Here where men say my name was made, here where my work was done;
Here where my dearest dead are laid - my wife - my wife and son;
Here where time, custom, grief and toil, age, memory, service, love,
Have rooted me in British soil. Ah, how can I remove?
For me this land, that sea, these airs, those folk and fields suffice.
What purple Southern pomp can match our changeful Northern skies,
Black with December snows unshed or pearled with August haze -
The clanging arch of steel-grey March, or June’s long-lighted days?
You’ll follow widening Rhodanus till vine an olive lean
Aslant before the sunny breeze that sweeps Nemausus clean
To Arelate’s triple gate; but let me linger on,
Here where our stiff-necked British oaks confront Euroclydon!
You’ll take the old Aurelian Road through shore-descending pines
Where, blue as any peacock’s neck, the Tyrrhene Ocean shines.
You’ll go where laurel crowns are won, but -will you e’er forget
The scent of hawthorn in the sun, or bracken in the wet?

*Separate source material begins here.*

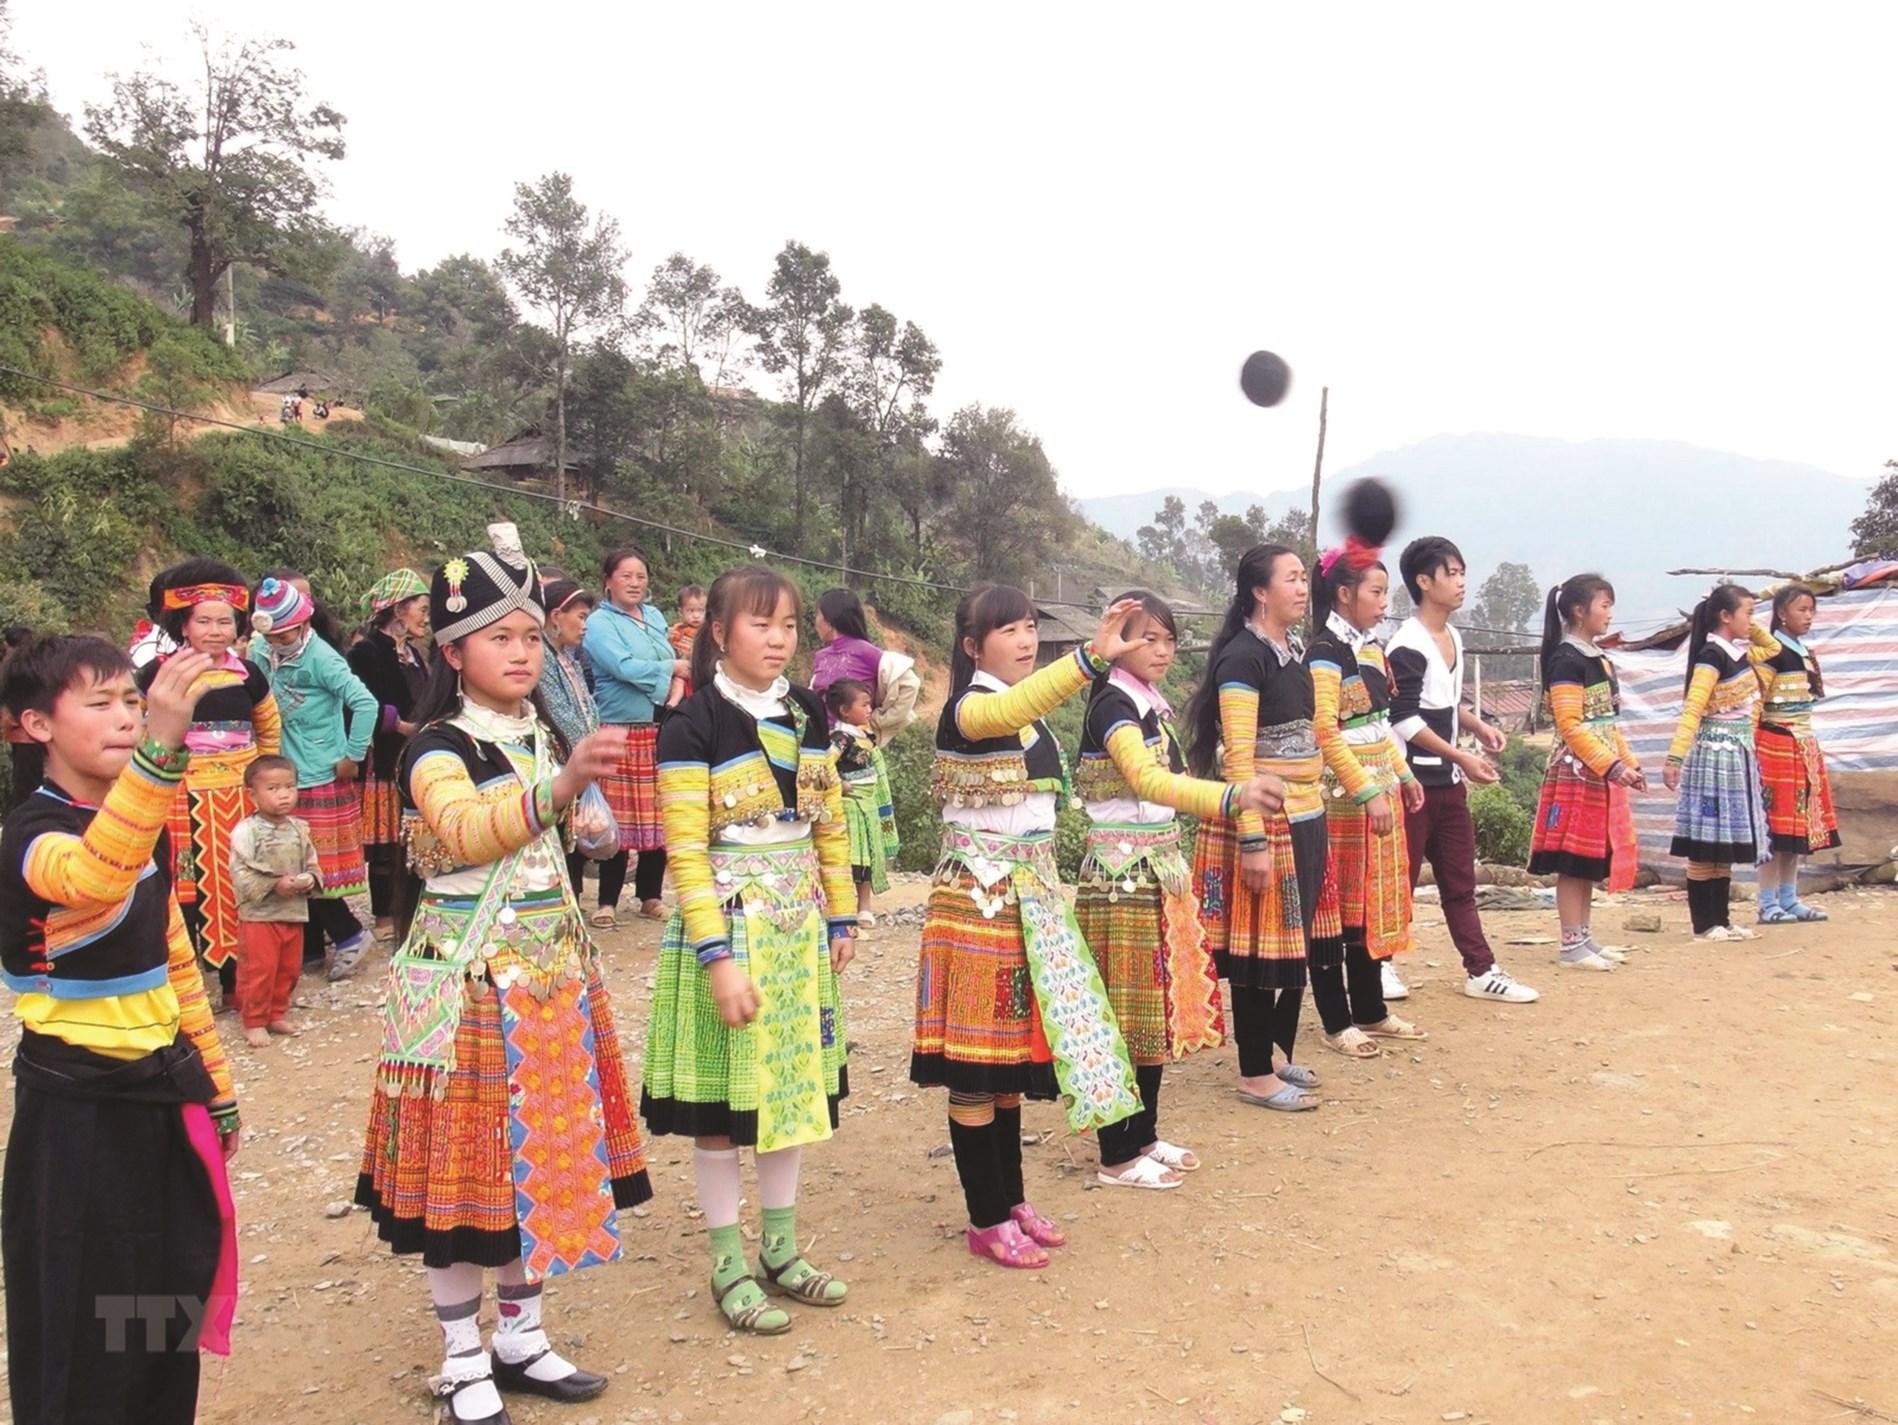 Những chàng trai, cô gái Mông tham gia trò chơi dân gian ném Pao tại chợ phiên xã Đăk Som, huyện Đăk G'Long, tỉnh Đăk Nông.

Let me work here for Britain’s sake - at any task you will -
A marsh to drain, a road to make or native troops to drill.
Some Western camp (I know the Pict) or granite Border keep,
Mid seas of heather derelict, where our old messmates sleep.
Legate, I come to you in tears - My cohort ordered home!
I’ve served in Britain forty years. What should I do in Rome?
Here is my heart, my soul, my mind - the only life I know.
I cannot leave it all behind. Command me not to go!
The Greeks often referred to the Persians as Medes, on the theory that one man's Mede is another man's Persian, but Datis was the real thing.
It’s one guy ... Brian, in fact.
Actually, the Roman conquest of Britain was begun by Julius Caesar but “completed” by Claudius. I put completed in quotes because Rome never conquered the whole Island.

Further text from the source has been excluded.